In a significant move, five House members from the Ways & Means Committee notified President Obama that global tribunal provisions should be excluded from future trade treaties.
Most, if not all, of these congressmen have voted for past agreements that did included the Investor State Dispute Settlement (global tribunal) mechanism. ISDS basically means that foreign corporations can sue our local, state or federal governments before global tribunals rather than in the US courts.
Even pro-trade agreement organizations have been expressing discomfort over ISDS provisions. The Germans have also said that they don’t want them.
Here is the letter.
December 17, 2014
The Honorable Barack Obama
President of the United States of America
The White House
Washington, DC 20500
Dear Mr. President:
We thank you for your efforts to grow the economy, provide greater opportunities for working people and promote more sustainable energy and environmental policies. As you begin negotiations on the Trans-Atlantic Trade and Investment Partnership (TTIP), we urge you to seek investment rules that further these goals by ensuring an appropriate balance between investor protections and the public interest.
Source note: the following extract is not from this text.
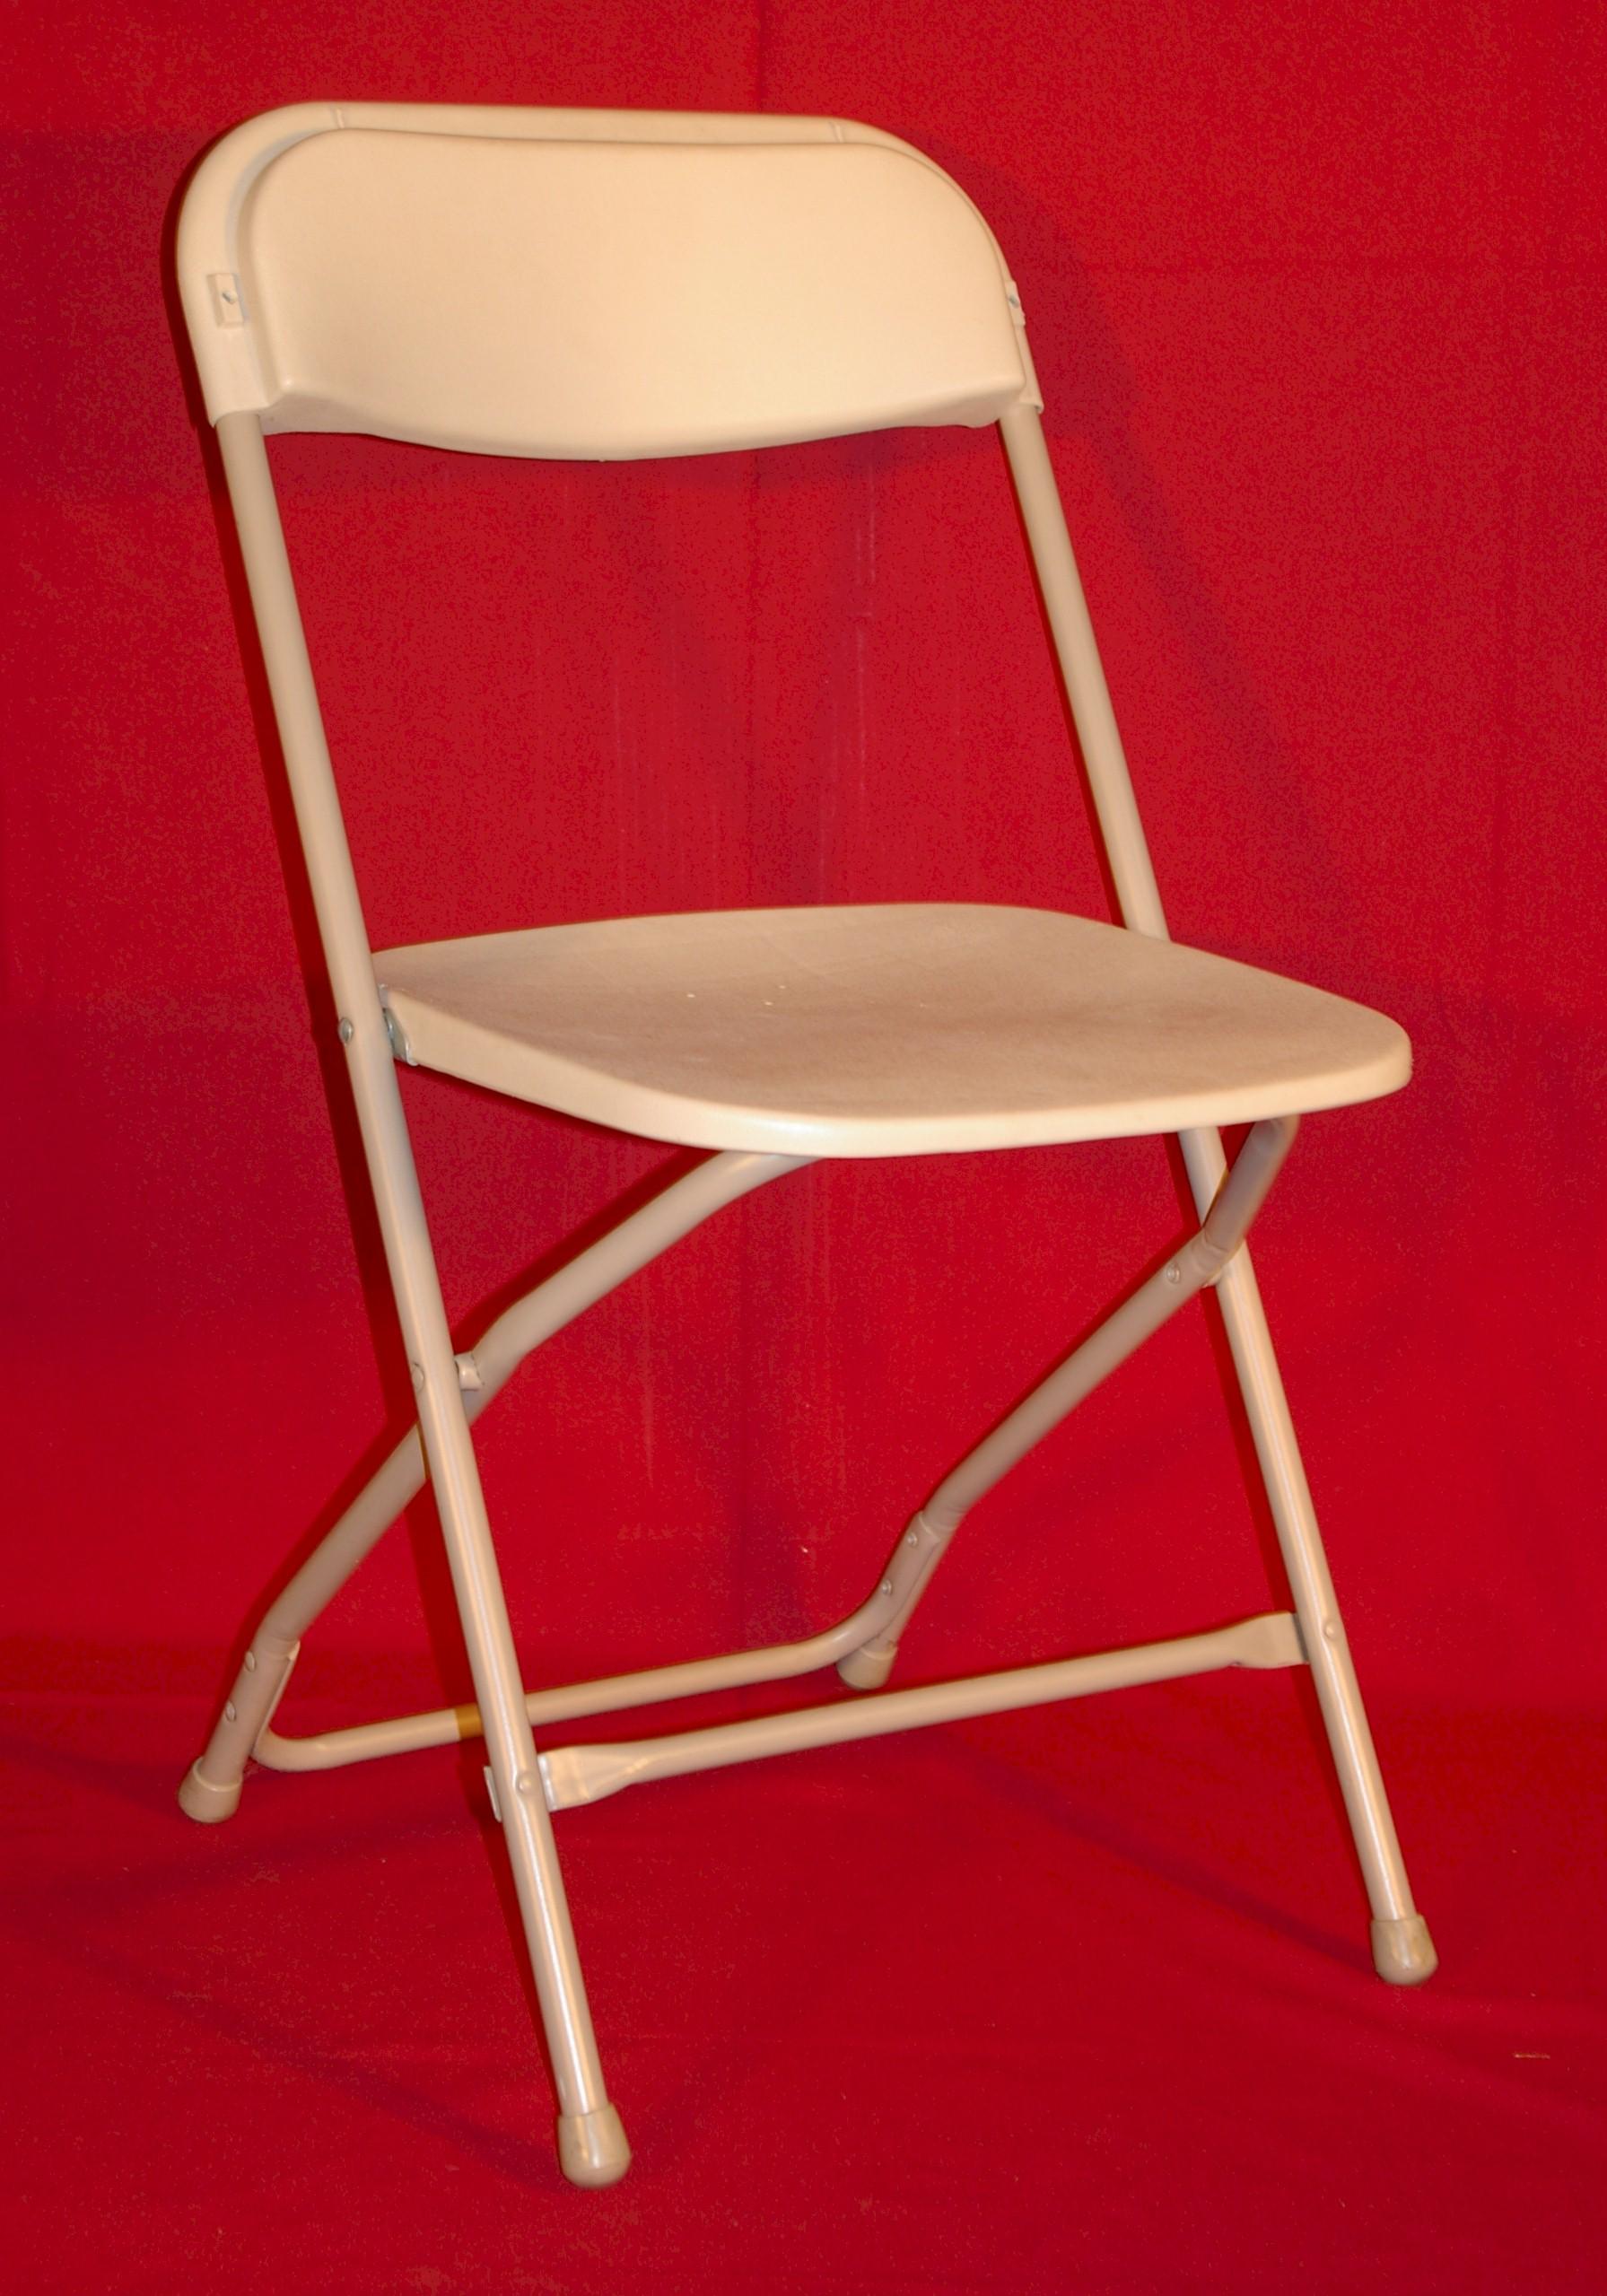 renting folding chairs cute for bedrooms samsonite chair taylor rental of torrington

Congress has repeatedly expressed concerns about the investment provisions of U.S. trade agreements. The inclusion of investor-to-state dispute settlement process (ISDS) in previous trade agreements advantages foreign investors over domestic ones and threatens US laws, regulations, and judicial decisions protecting health and public safety. These provisions provide foreign investors the right to either bypass our own courts entirely or to undermine them by challenging their results before panels of private arbitrators who are not required to protect the public interest or to utilize American legal principles and precedent.
We share your goals of ensuring that U.S. interests that invest abroad are not treated in a discriminatory fashion or denied fair opportunity to seek and achieve redress of grievances and believe they can be attained in TTIP without the inclusion of ISDS provisions. Quite simply, there is no need for ISDS in a free trade agreement between developed countries with well-established court systems, like the United States and the countries of the European Union. France, Germany, and the United Kingdom, are but a few of European Union countries party to TTIP in which the rule of law is not in doubt. According to the Chamber of Commerce, U.S. firms already have $2.3 trillion directly invested in EU countries, suggesting that U.S. businesses already believe investments in EU countries are safe. Additionally, the absence of such mechanisms in the U.S.-Australia Free Trade Agreement, the earlier U.S.-Canada Free Trade Agreement, and the U.S.- Israel Free Trade Agreement provide relevant precedent that counsels against including investor-state dispute settlement provisions in the TTIP.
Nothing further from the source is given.